À cet égard, nous appelons le CPS de l’UA à :
– mettre fin à la violence et renforcer les efforts de maintien de la paix : les gouvernements de la RDC et du Rwanda, ainsi que le M23 et les autres groupes armés, dont les FDLR, doivent immédiatement cesser les hostilités et s’engager à dialoguer - les forces de maintien de la paix existantes doivent être dotées de ressources suffisantes et d’un mandat clair pour protéger les civil·es, sécuriser les couloirs humanitaires et protéger les défenseurs des droits humains ;
– protéger et soutenir les défenseur·es des droits humains et la société civile : les défenseur·es des droits humains et les organisations de la société civile jouent un rôle essentiel dans les efforts de consolidation de la paix et pour établir les responsabilités ; l’UA doit veiller à leur protection et à leur pleine participation à toutes les étapes de la résolution des conflits et après les conflits ; des mécanismes sûrs doivent être mis en place pour les aider à documenter les violations et à plaider en faveur de la justice, de la vérité et des réparations pour les victimes ; la société civile doit être activement impliquée dans les efforts de médiation et de reconstruction afin de garantir une paix durable ;
– veiller à ce que les auteurs de violations des droits humains et du droit humanitaire international rendent compte de leurs actes : lorsque la mission d’établissement des faits de l’UA est mise en place et qu’elle constate que des violations ont été commises, veiller à ce que les responsabilités soient établies, notamment en ce qui concerne les violences sexuelles et sexistes, dans le cadre des mécanismes de l’UA en matière de droits humains et de responsabilité qui permettent une participation significative des victimes et des survivant·es et un engagement avec la société civile, afin que les auteur·es répondent de leurs actes ;
– faciliter l’aide humanitaire et le passage en toute sécurité des civil·es : les couloirs humanitaires doivent être sécurisés pour permettre à l’aide d’atteindre les populations touchées et de faire en sorte que les civil·es puissent fuir la violence en toute sécurité ; l’UA devrait collaborer avec les organisations humanitaires pour éliminer les obstacles qui empêchent l’acheminement d’une aide essentielle ;
– protéger et autonomiser les femmes : des mesures de protection spécifiques pour les femmes et les filles doivent être mises en œuvre, notamment des zones sûres, l’accès aux soins de santé et un soutien psychosocial pour les survivant·es de la violence sexuelle et sexiste ; les femmes doivent être associées aux négociations de paix, à la résolution des conflits et à la phase post-conflit afin que leur voix soit représentée dans la prise de décision.

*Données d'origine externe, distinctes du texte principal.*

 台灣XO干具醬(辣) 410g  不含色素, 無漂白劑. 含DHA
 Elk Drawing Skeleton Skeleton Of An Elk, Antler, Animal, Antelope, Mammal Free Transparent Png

Bien que nous reconnaissions les efforts déployés par l’UA et ses partenaires jusqu’à présent, il est clair que l’ampleur de la crise exige des mesures immédiates et plus globales. Nous soumettons respectueusement notre appel le plus ferme à une action urgente et attendons sincèrement votre réponse décisive.
Nous vous prions d’agréer, Excellences, l’expression de nos salutations distinguées.